Data segment:

▼

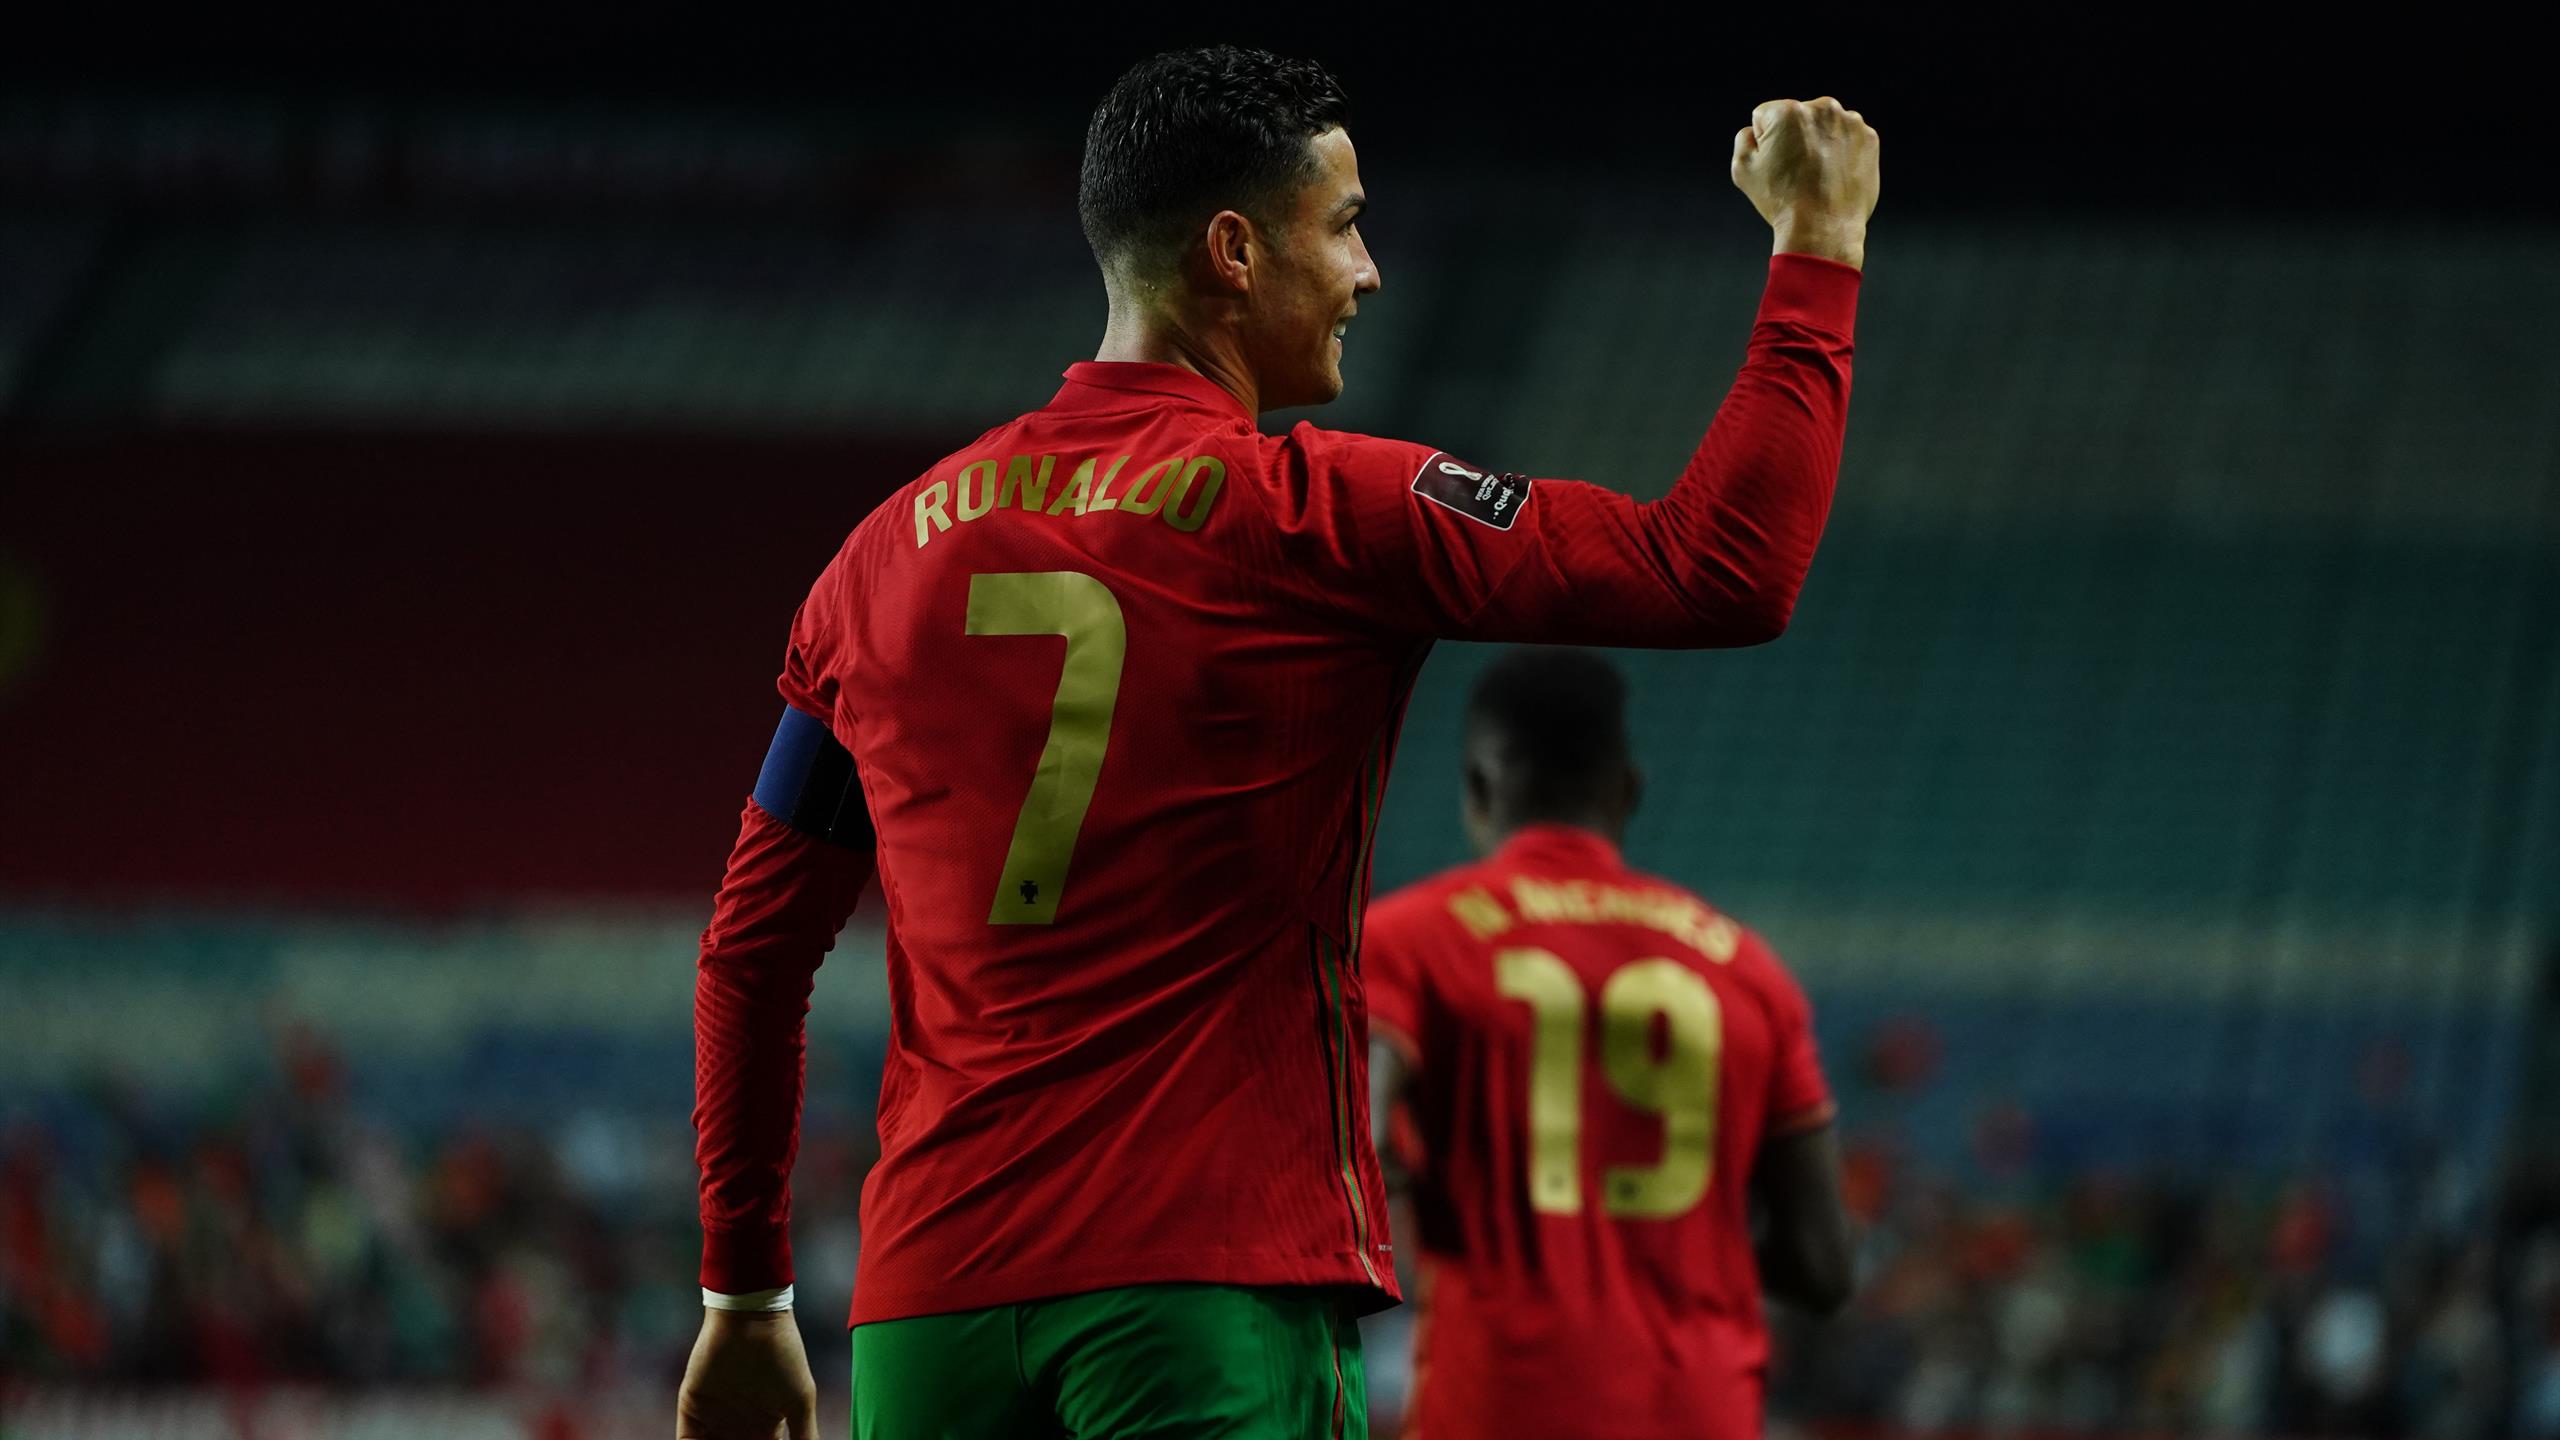 Portugal 5 0 Luxembourg: Cristiano Ronaldo Hits Hat Trick In Rout As Bruno Fernandes Also Scores
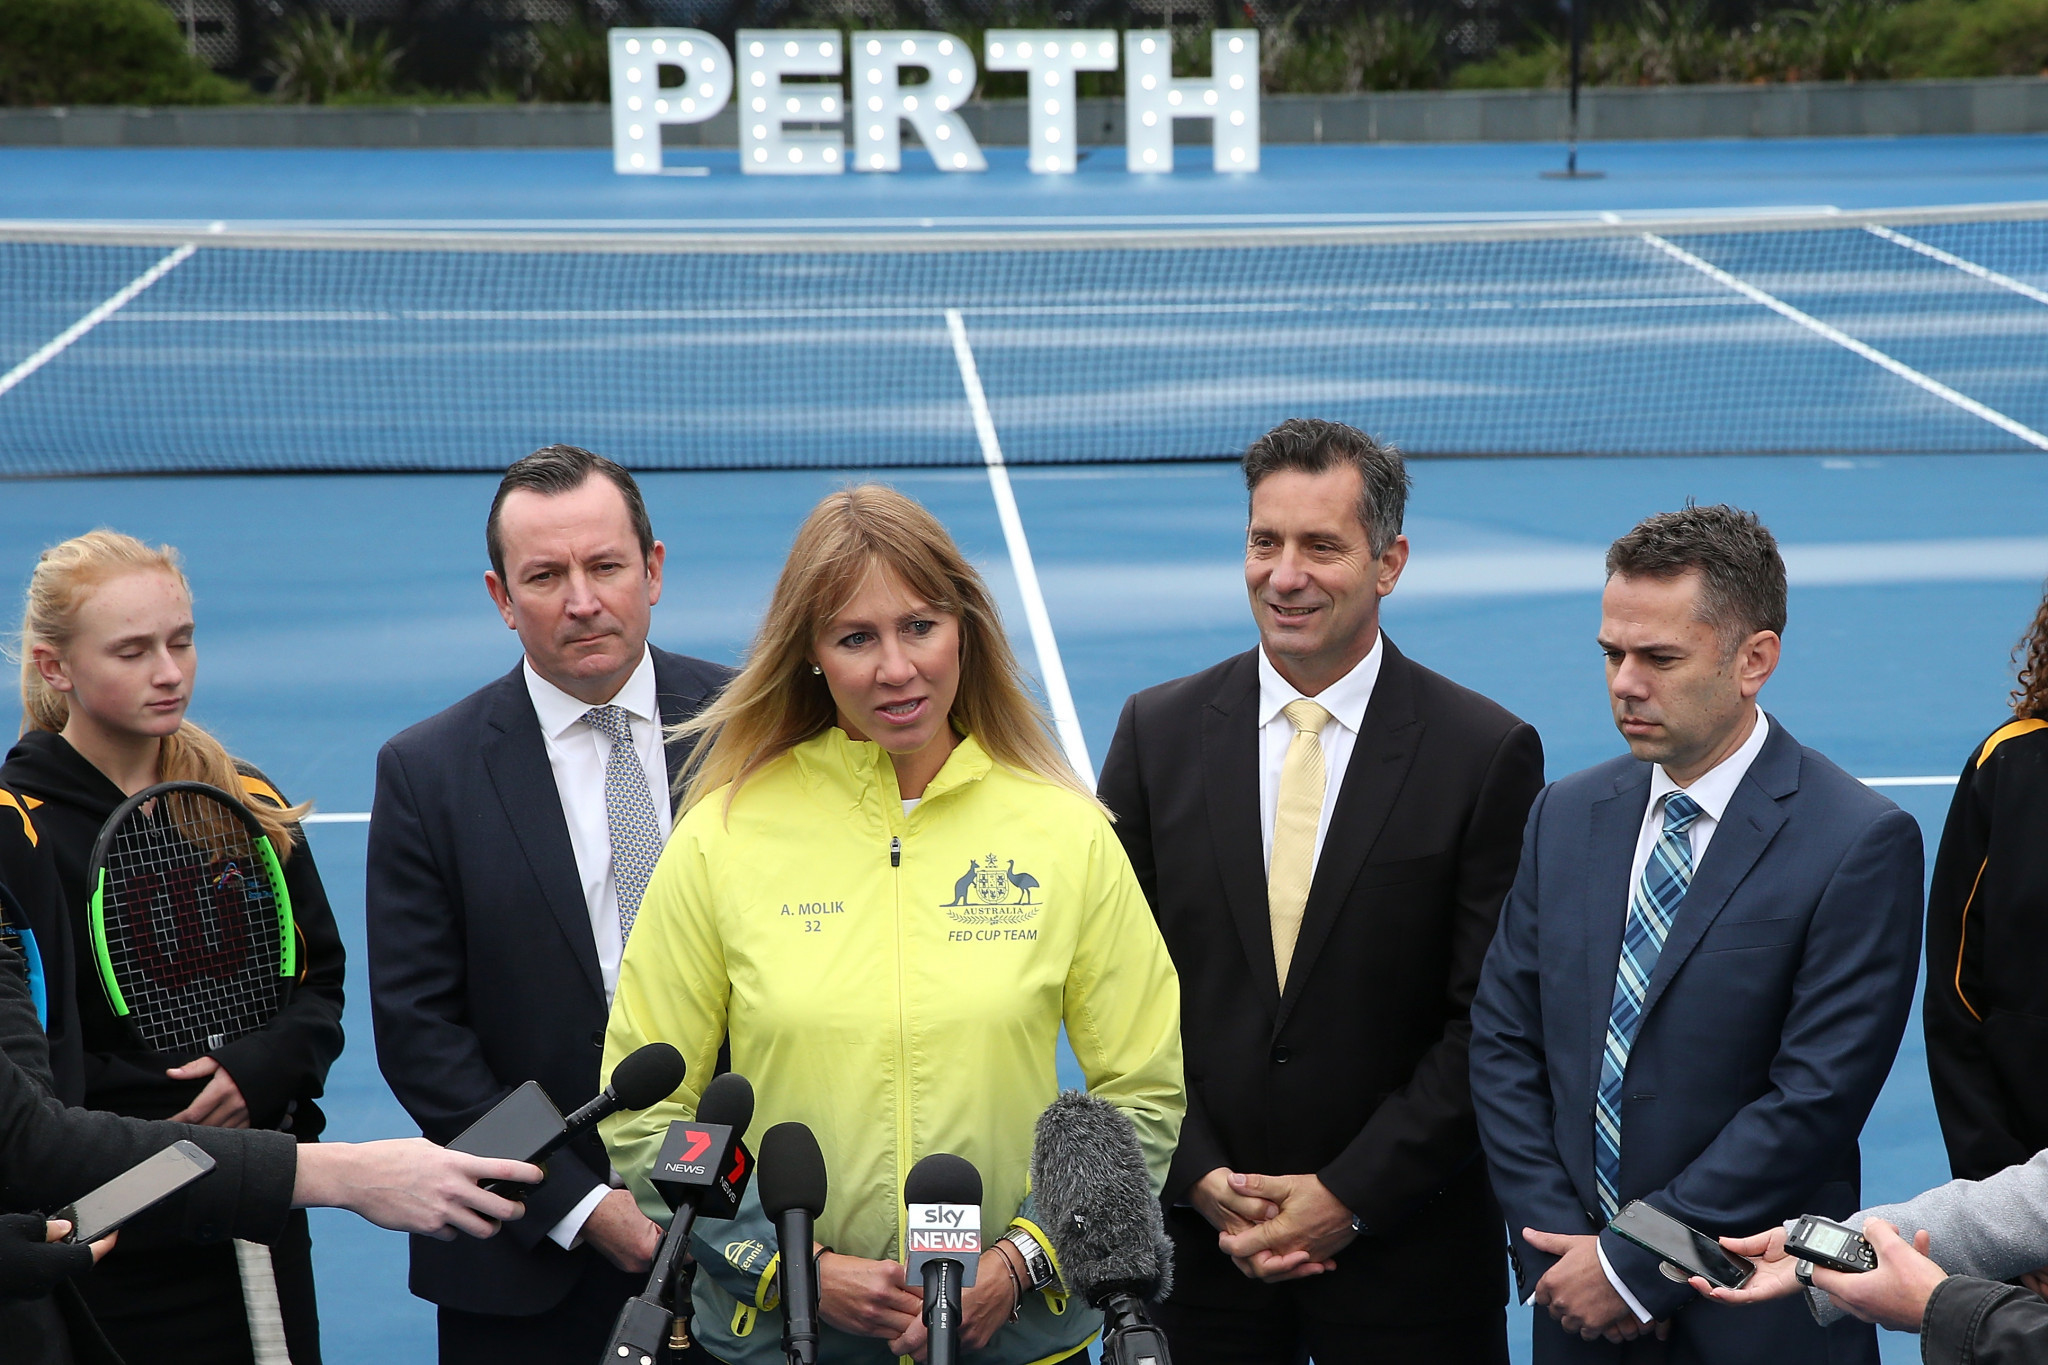 Perth named as host of Fed Cup final
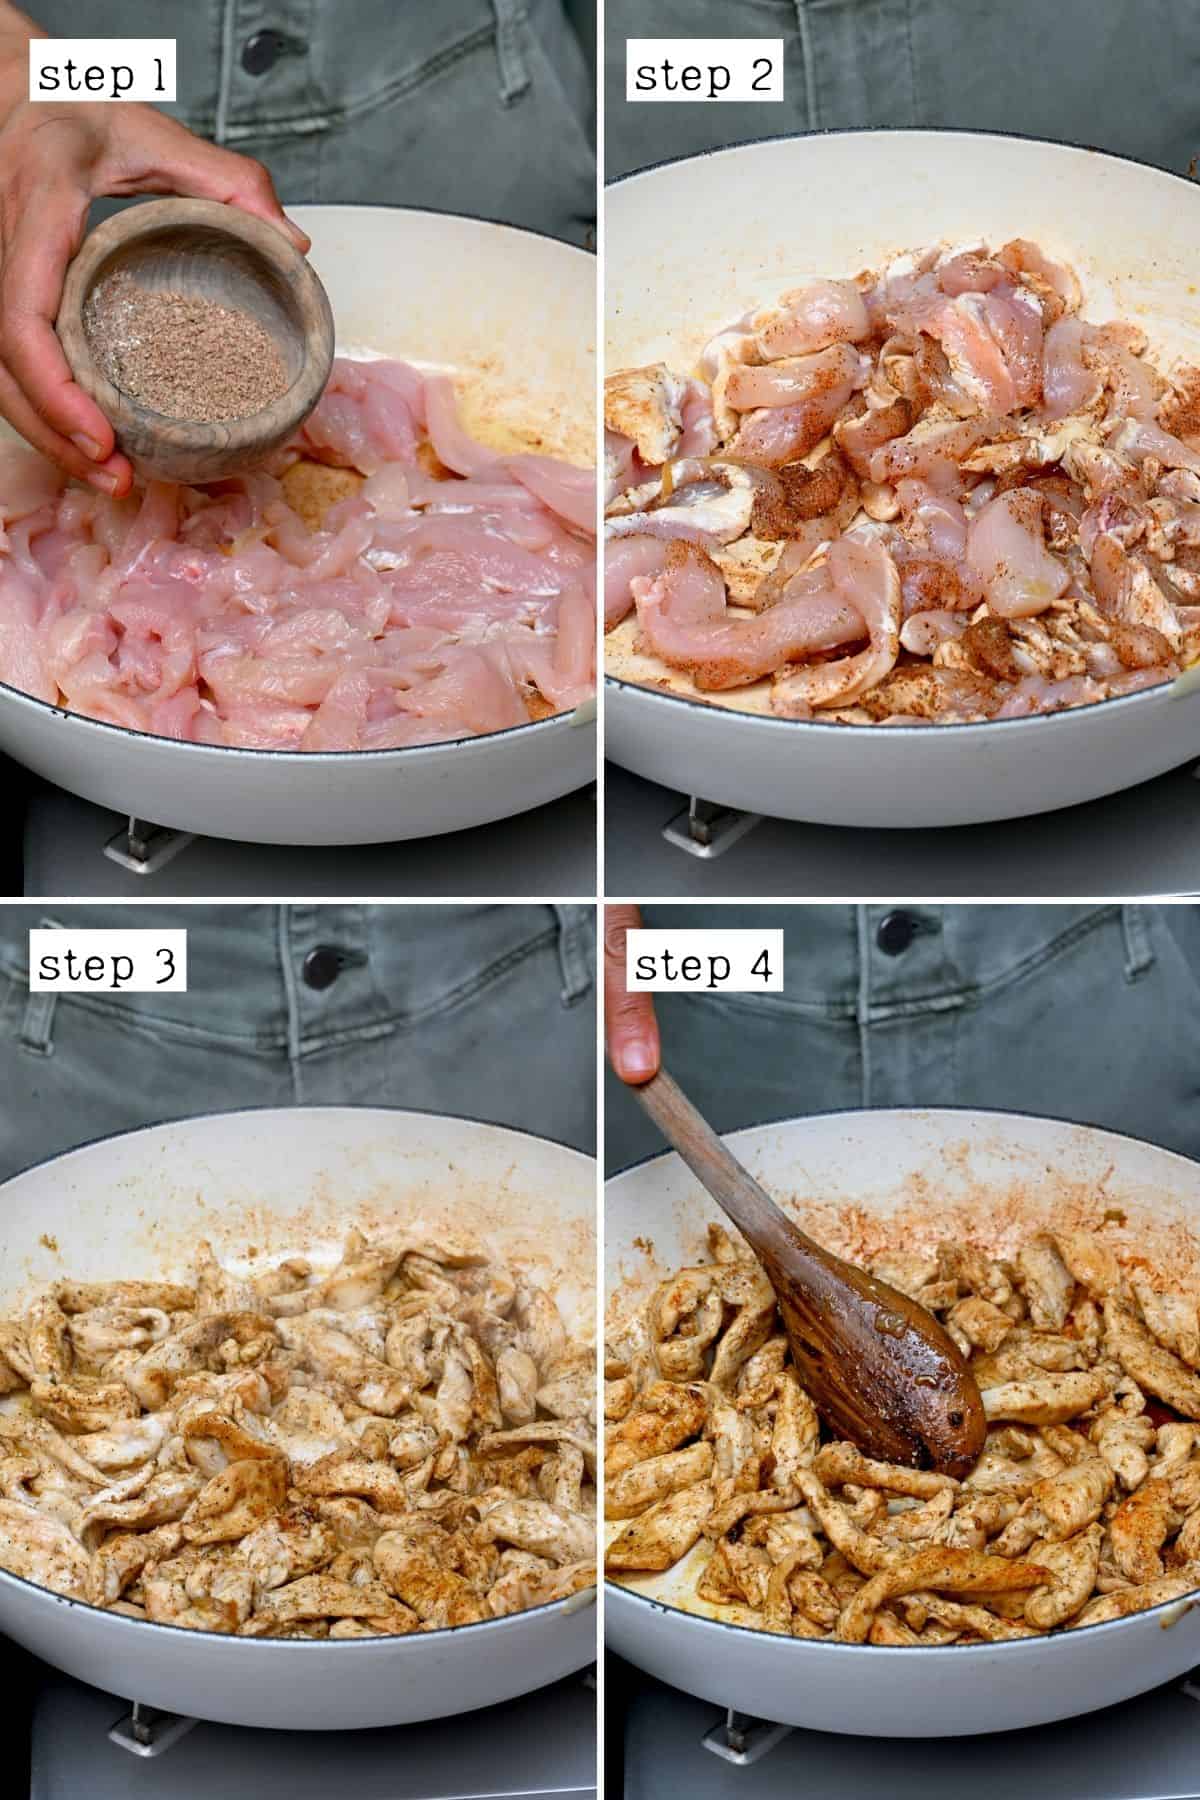 Steps for cooking chicken with spices

▲

Work item: Everything in the data above, apart from the pictures, should be retyped exactly.

Solution for this task:
 Portugal 5 0 Luxembourg: Cristiano Ronaldo Hits Hat Trick In Rout As Bruno Fernandes Also Scores
 Perth named as host of Fed Cup final
 Steps for cooking chicken with spices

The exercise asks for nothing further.